Book Review: Louder Than Hell

For journalist-authors, there are myriad ways to tell a story. The easiest – and often most effective – is to write the story as narrative, and insert quotes from those who were there to supports the assertions made in said narrative. It’s a tried-and-true method that works, and readers can follow it.

But there’s another method that can be even more rewarding if executed deftly. The oral-history approach lines up quotes from the story’s principals, weaving together a narrative of its own. In this format, the author remains nearly invisible, entering on rare occasions to provide context, and/or to bridge some gaps in the story. This approach presents much greater challenges for the author, for any number of reasons. Not least of these is the fact that this writing style requires and presupposes a massive amount of source material.

Jon Wiederhorn and Katherine Turman clearly have that based covered; for their new book Louder Than Hell: The Definitive Oral History of Metal, the duo draw upon a staggering cache of interviews. And those quotes form nearly the entirety of the 700-page book. Louder Than Hell starts off – as you would expect – surveying the roots of the genre, exploring how it evolved (or, as its detractors might say, devolved) out of other forms. For me, this chapter, covering 1969-70, was one of the two most interesting. The other was the one that followed it, a look at 1970s metal (Black Sabbath, Judas Priest and other heavyweights of the era).

As is the case with nearly every musical genre, after about 1980, the music landscape became so segmented, so compartmentalized, that subsequent forms often fall into the “niche” category. As the saying goes, in the 70s, everybody knew who Led Zeppelin was, even if they didn’t like their music. That was simply the universal nature of pop culture in those days. But by the following decade, things had migrated to more of a narrow-casting model; as such, one could live one’s days as a reasonably serious music fan and still not have ever heard, say, Vixen.

For the metal fan, however, Louder Than Hell will feel like a godsend (or a devilsend, as the case may be). The extended quotes from nearly everyone important in metal are woven together seamlessly. Sometimes a pair of quotes will make opposing assertions, leaving it to the reader to sort out wherein lies the truth. Other times, the truth is approached from several angles, providing a more balanced picture of what-really-happened.

And what happened, mostly, was sex and drugs. Lots of sex, and lots and lots of drugs. Louder Than Hell is filled – I mean, filled – with stories of drug overdoses, bus crashes, orgies, drunken brawls, suicides, murders…all manner of fun and games. And on some level, this is where the book becomes problematic. Because as rich a story as it tells, Louder Than Hell is, at its core, the story of a bunch of guys (yeah, mostly guys) whom you might not wish to meet in person. Truth be told, it’s quite difficult to actually like many of the characters who appear in Louder than Hell. Try as you might, you may have difficulty getting past their wanton misogyny, drug abuse and general arrested emotional development.

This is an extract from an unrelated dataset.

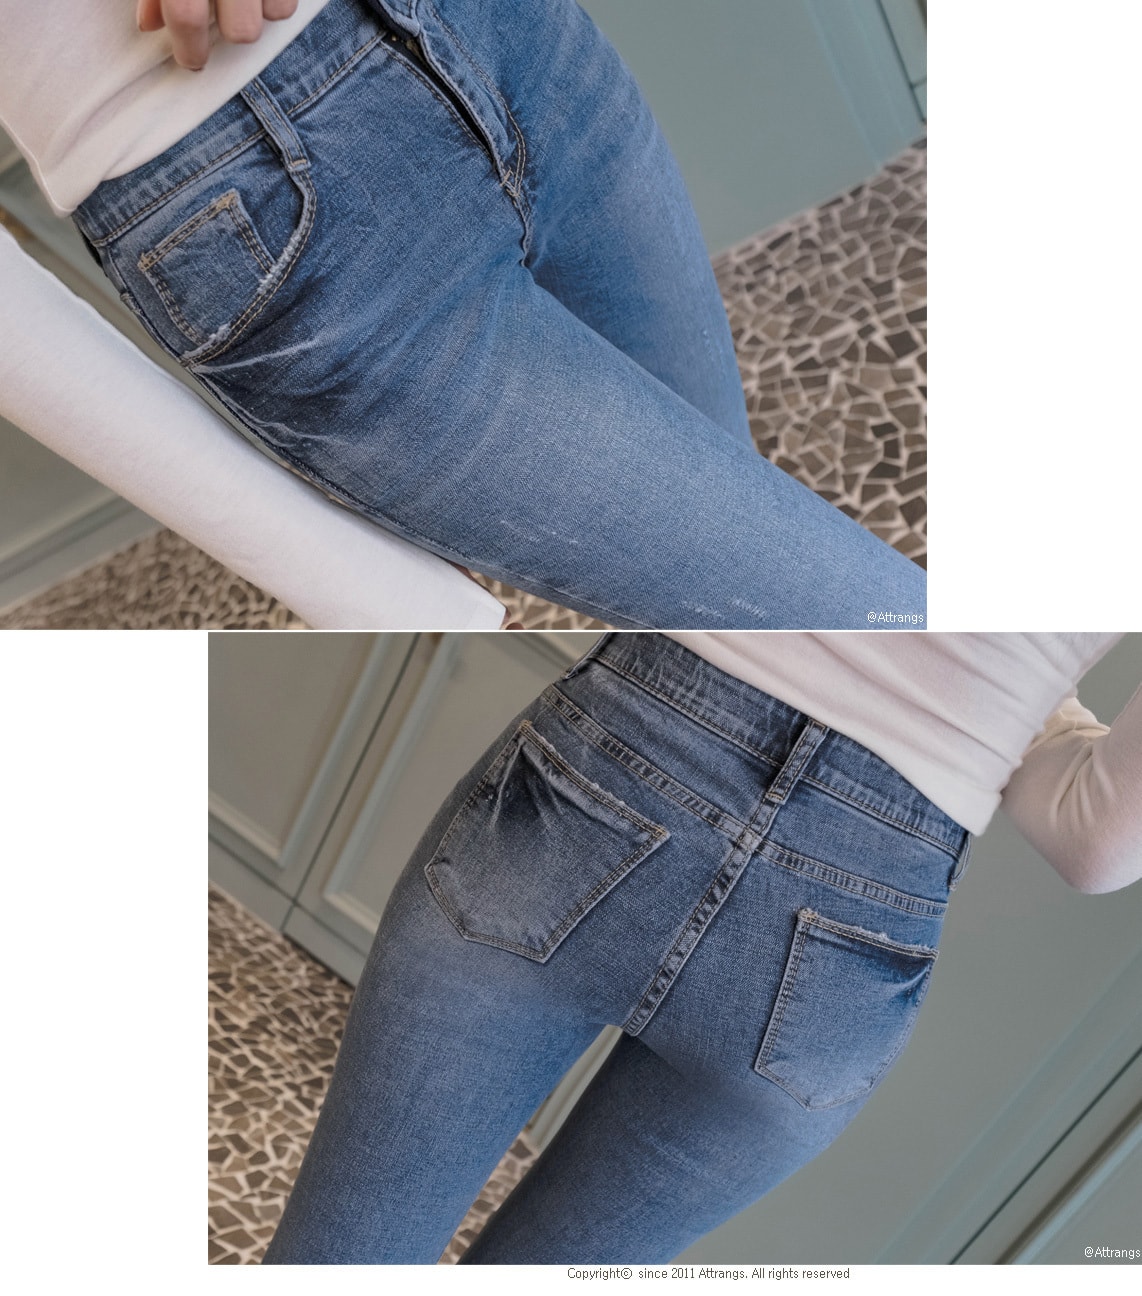 jeans Blue(model) L

As the story progresses, the characters seem to get meaner and shallower, with some notable exceptions. The hair-metal guys, for example, come off (with rare exceptions, such as Don Dokken and the late guitarist Randy Rhoads) as a crassly cynical bunch; it’s not hard to think that if they had thought they’d get more sex and drugs playing bluegrass – or digging ditches – many would have willingly followed that path.

And when Louder Than Hell gets into the darker netherworlds of nu metal, death metal, black metal and thrash metal, heroes are harder to find. Even most of the straightedge hardcore guys come off as, well, assholes. And the music seems to get less interesting, too: the quotes make it clear that the genres were as much about the “scene” as anything else. Those quoted go to great pains to assert any number of things: (a) I invented this shit; (b) the other guys stole my ideas; (c) we’re at the forefront of the scene; (d) we’re outside the scene and everybody else is a poseur. And so on. The narrative arc of nearly every chapter ends with the demise of its subject subgenre.

As it progresses, Louder Than Hell seems to chronicle the story of a genre that almost disappears up its own ass: how many reading this have ever heard anything by Slipknot (an especially unsavory lot; and who the hell needs nine people in a band?) There’s a heartfelt apologia at the book’s end, courtesy of Judas Priest’s Rob Halford, making the metal-will-never-die argument, but then of course there would be. Clearly there are interesting and valid things happening today in metal (Mastodon, Tool and Metallica, for example), but the days of the genre exerting significant influence on culture in general seems to have passed. And with annoyingly self-important, pretentious characters like the crew of Avenged Sevenfold, plus a long parade of why-are-you-so-angry acts, that’s probably just as well.

But with all that said, even for someone who has little interest in the music chronicled in the second half of Louder Than Hell, the book remains a must-read. The world of heavy metal couldn’t wish for a more through survey than this book provides; it truly earns its “definitive” tag.